Odds are you’ve been told it takes 21 days to form a new habit. Or, maybe you’ve been told it takes 30 days. Or, maybe 45. Or, maybe 66. Or, in all likelihood, you’ve heard many random numbers over the years. Well, I’m going to give you the definitive answer for the length of time it takes to form a new habit once and for all.
The Origin Of The Myth: It Takes 21 Days To Form A New Habit
In the 1950s, Dr. Maxwell Maltz was a plastic surgeon with a penchant for psychology. Dr. Maltz observed that it would take his patients who received a nose job about 21 days to become accustomed to their new face. Similarly, Dr. Maltz observed that his patients would experience phantom limb pain for about 21 days when an arm or leg was amputated. Naturally, Dr. Maltz began to reflect upon the length of time he spent adjusting to change and new behaviors himself, and he noticed it would take him about 21 days too.
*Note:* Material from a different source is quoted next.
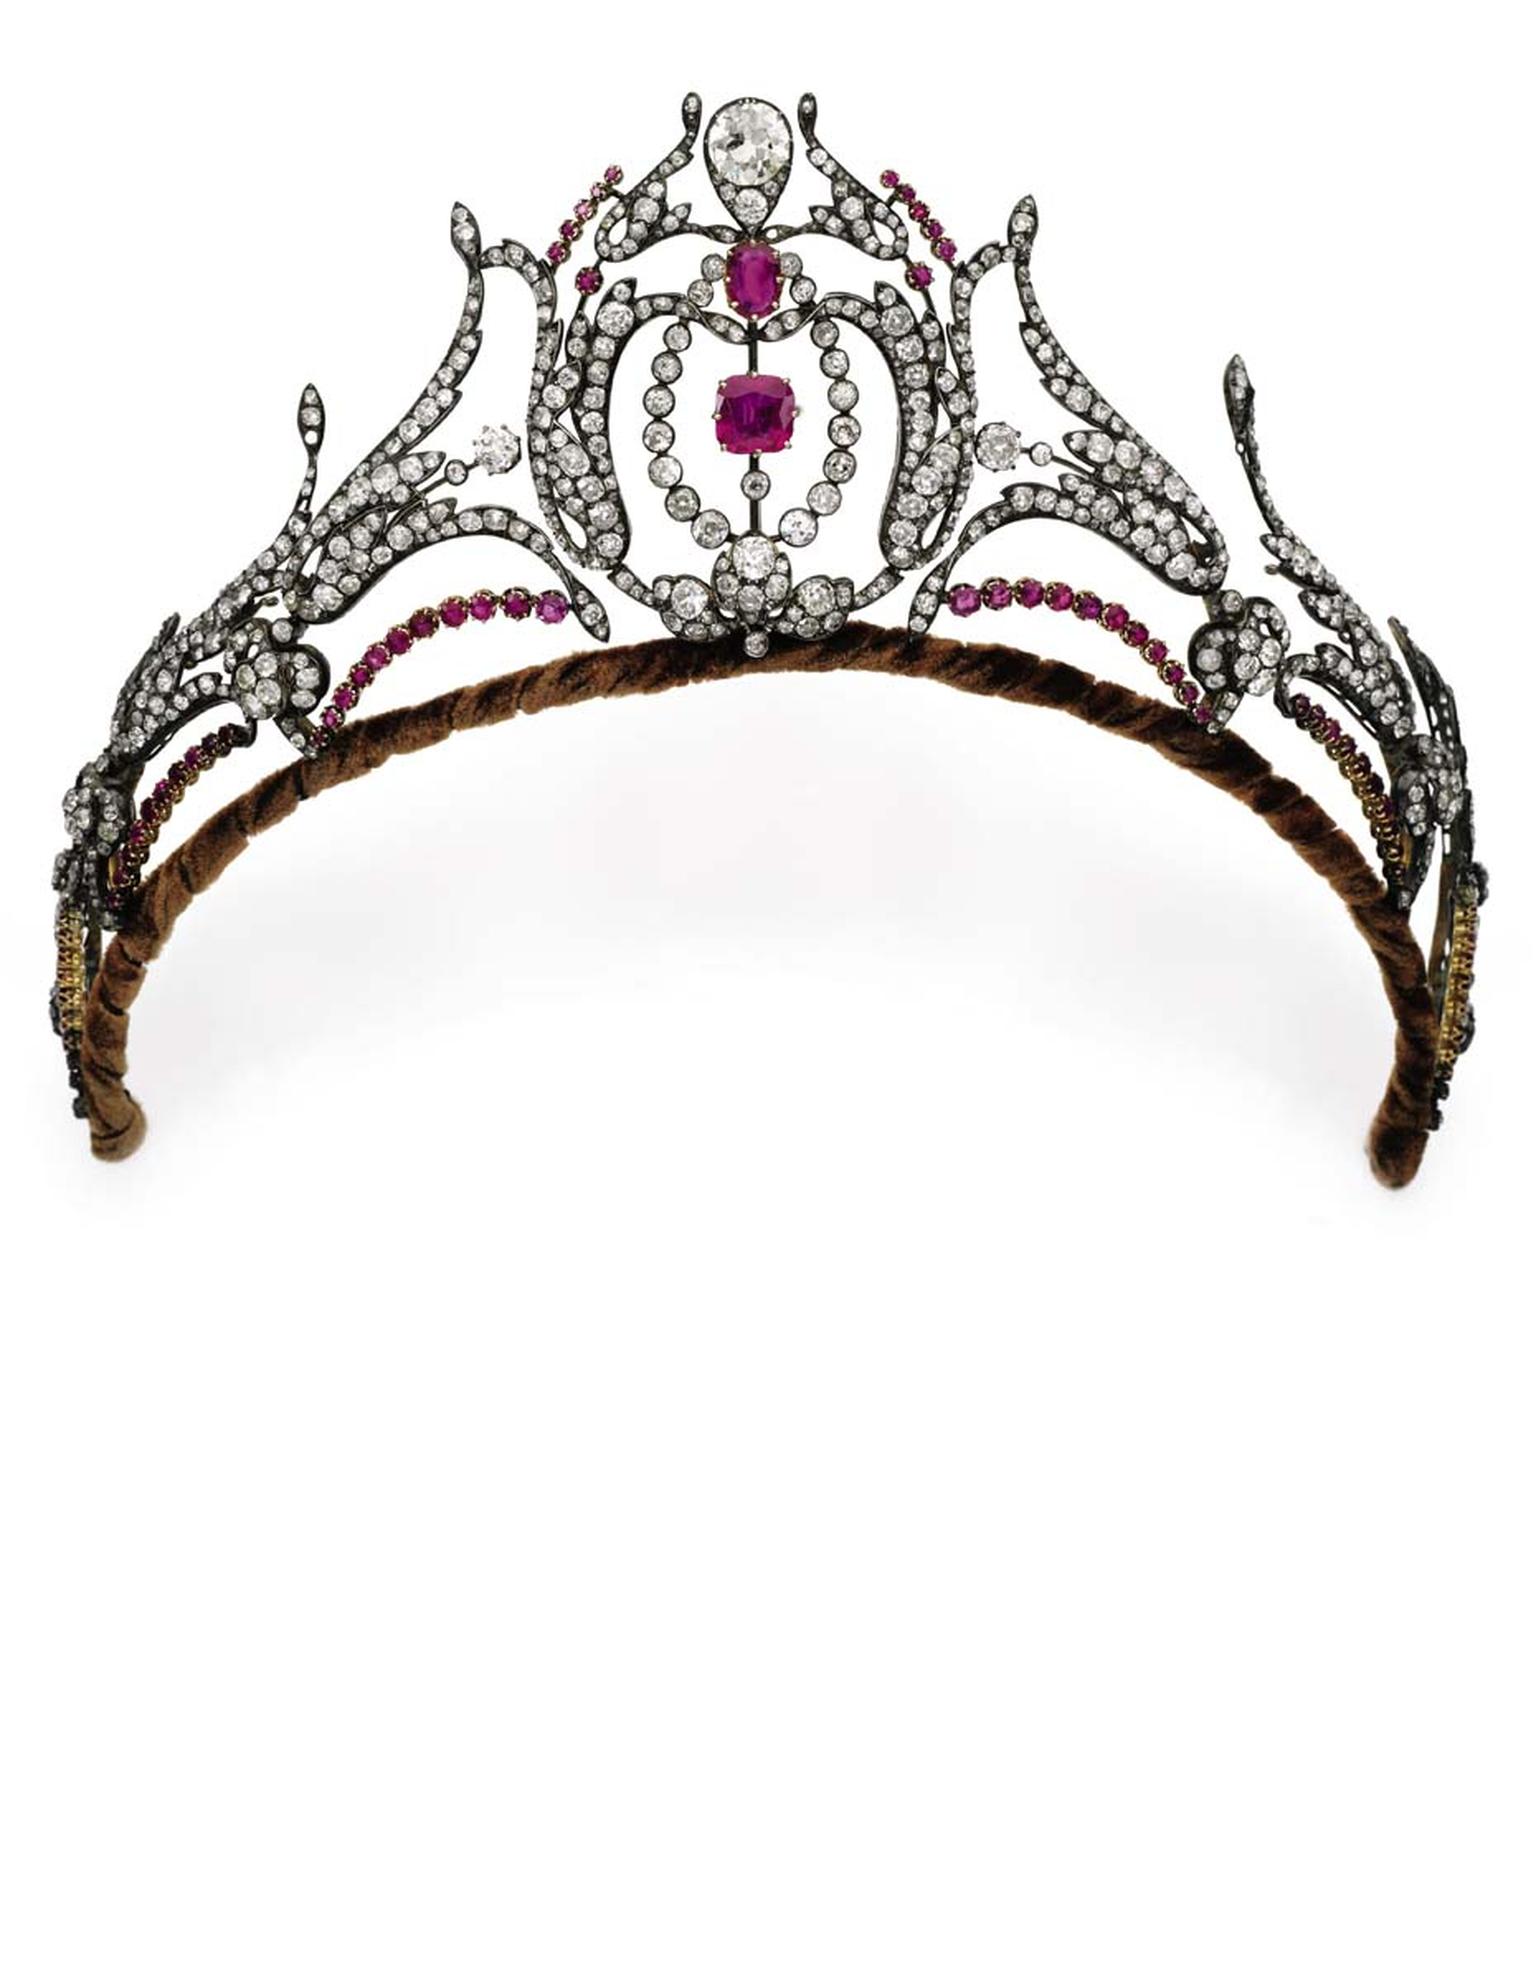 Dating from the second half of the 19th century, this diamond and ruby tiara, which belonged to the late Duchess of Roxburghe, is one of five antique tiaras that will be auctioned by Sotheby’s Geneva in May (estimate: $81-102,000).

So, in 1960, reflecting upon his experience with his patients, Dr. Maxwell Maltz published Psycho-Cybernetics, a self-help book based on improving the concept of self through techniques such as establishing a positive outcome through visualization of that positive outcome. In the book, Dr. Maltz shares the observations he made of his patients and wrote, “These, and many other commonly observed phenomena tend to show that it requires a minimum of about 21 days for an old mental image to dissolve and a new one to jell.” The book was a hit and would go on to sell more than 30 million copies as well as influence the core techniques of many personal development experts such as Zig Ziglar and Tony Robbins.
In the years that followed, as word spread of Dr. Maltz’s views, two subtle distortions emerged. First, Dr. Maltz’s perceptions were mistaken for scientific fact when in fact they were just his observations. And second, his words were curtailed to mean something entirely different. Instead of requiring “a minimum of about 21 days” as Dr. Maltz had originally put forth, it became easier and more definitive to simply say, “It takes 21 days to form a new habit.” 21 days sounds long enough to be believable, but short enough to be achievable. Plus, if you’re selling an idea, you want to sound authoritative and not leave any doubt over “minor” technicalities.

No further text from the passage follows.